The easiest way to figure this out is to run a CHAID (or your favorite interaction detection technique) analysis, then dump those variables into your favorite statistical program. If at least one of the interaction variables does not appear in your final model, your statistician should have some serious explaining to do.

(4) The wrong goals are in mind - More often than not, statisticians will deliver models that deliver the maximum statistical advantage. Problem is, you know -as a marketer - that in the "imperfect" universe there are still a whole bunch of sales. Think of it this way - in most models there is a pretty steep curve. But if you only did, say, the top 20% (because the model told me this was the maximum point of efficiency), chances are you would be cutting out about 50% of sales. That's a bad thing. Your goal as a marketer is not to deliver maximum statistical efficiency, but to deliver maximum business efficiency. So a model should tell you - in business terms - where you really cost yourself in terms of target measurement. Where does your cost per acquired account (or whatever your key variable happens to be) go so far underwater to make the whole effort not worthwhile. THAT's a starting point for where you want to cut off the model...

(5) Using modelers who are inexperienced at business - Statistics are hard. Hard to create, hard to use, hard to understand. As a result, models have fallen into the hands of not the most socially ept people in a company. Not everyone, of course, but in all probability the one who is working on your model. The aggravating thing is that - the less experienced in business a modeler is - the more arrogant they are about clinging to statistical correctness. Sometimes close enough is good enough...but it takes business experience to figure that out. You may get lucky and find a youngster who is good at math, good at business and good at accurately communicating results to management. Then again, you might have a pony in your yard when you get home today.

Which leads to...

(6) Marketing is not deeply involved with the process - As a marketer who is about to use a statistical model, if you're not invested in the development of the model it's your own fault. You're the one responsible for the results - you need to roll up your sleeves and dig in. You don't need to know jack about stats - you need to be able to lend business guidance to the people developing the models. Many of the people I know who develop models do not think like marketers - they're not trained to. That's YOUR job. If you abdicate it and the model fails, bad on you. It's not all that hard to understand the basic concepts.
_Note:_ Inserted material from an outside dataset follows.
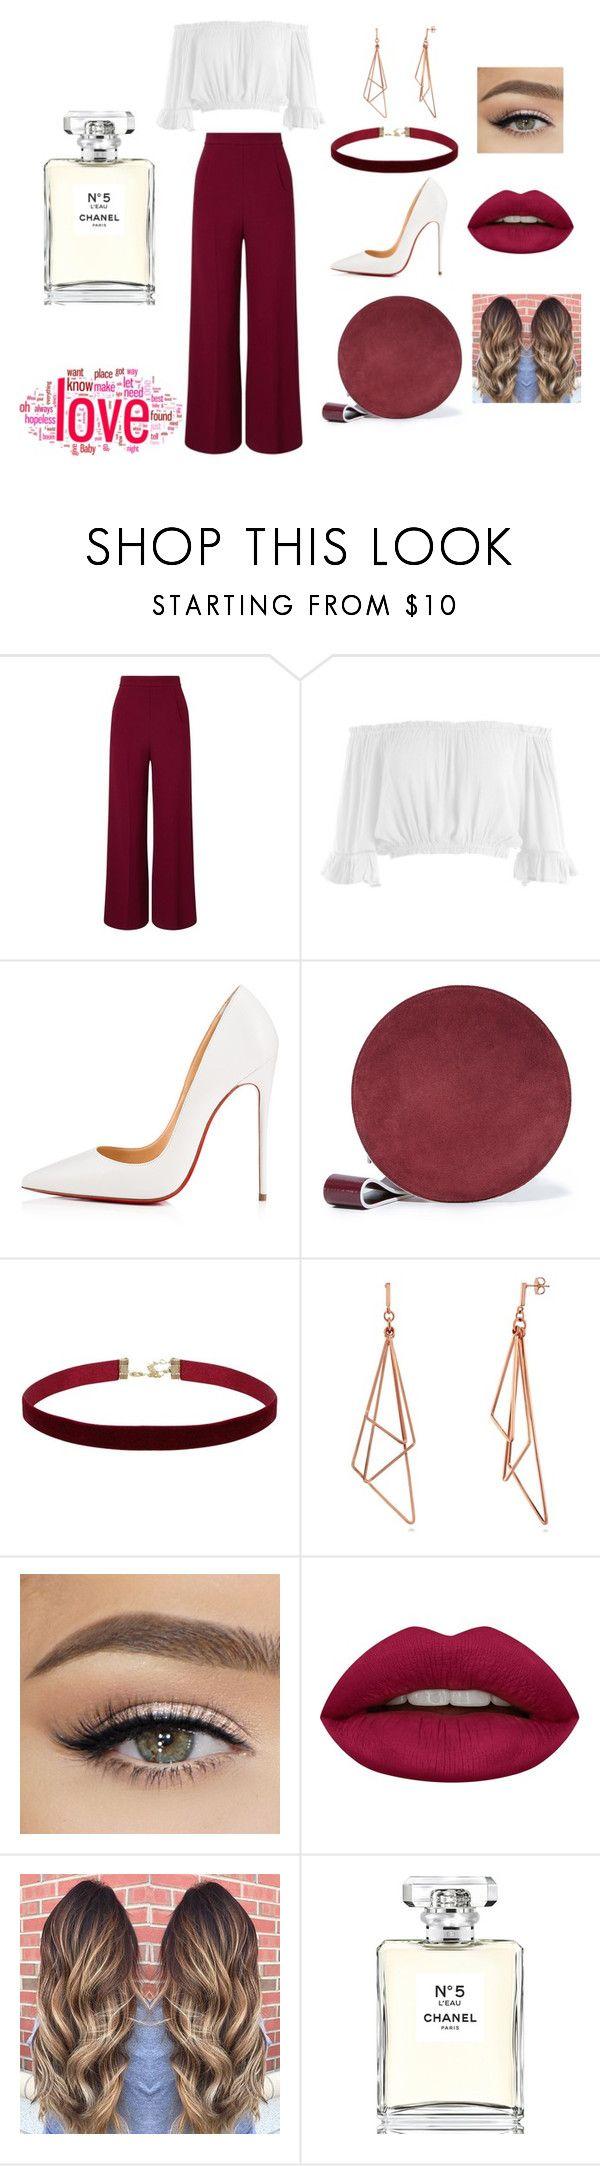 """White and Burgundy"" by zeynepkilic889 on Polyvore featuring moda, Roland Mouret, Sans Souci, Christian Louboutin, Diane Von Furstenberg, Huda Beauty ve Chanel"

Get in and dig around.

Statistical models are not bad. In fact, they can be quite helpful. But you have to view them with the same vigor you would look at other aspects of your marketing programs. That way you can see your modelers not as someone whose stare can paralyze you, but someone with an interesting way of looking at you...


  1. Hi Bob, thank you for taking the plunge into blogging.

    I am one of the statisticians that you talk about in your article. I've spent more than twenty years working with business leaders, and I have been on the receiving end of the criticisms you outline in this well written piece.

    Hopefully, you'll run across more modeling folks who conduct business in the opposite way that you characterize my industry in this article. There's a large number of us who try really hard to provide good models and great customer service, and try to be patient with folks who aren't able to build models but have other really good business skills.

  2. Funny post, Bob, and very true, most times. I agree that the marketer needs to be hands-on, and really learn what went into the model. The marketer needs to bring his/her knowledge of the customer to this process.

    I would also suggest that any modeler that provides a black-box solution--who won't share the scorecard, for example--should be avoided like the plague.

    Finally, it's really important to match the data you're using to the task at hand. There's no point in analyzing a bunch of datapoints, if those data points have no relevance to your specific project. I see the big compilers doing this all the time.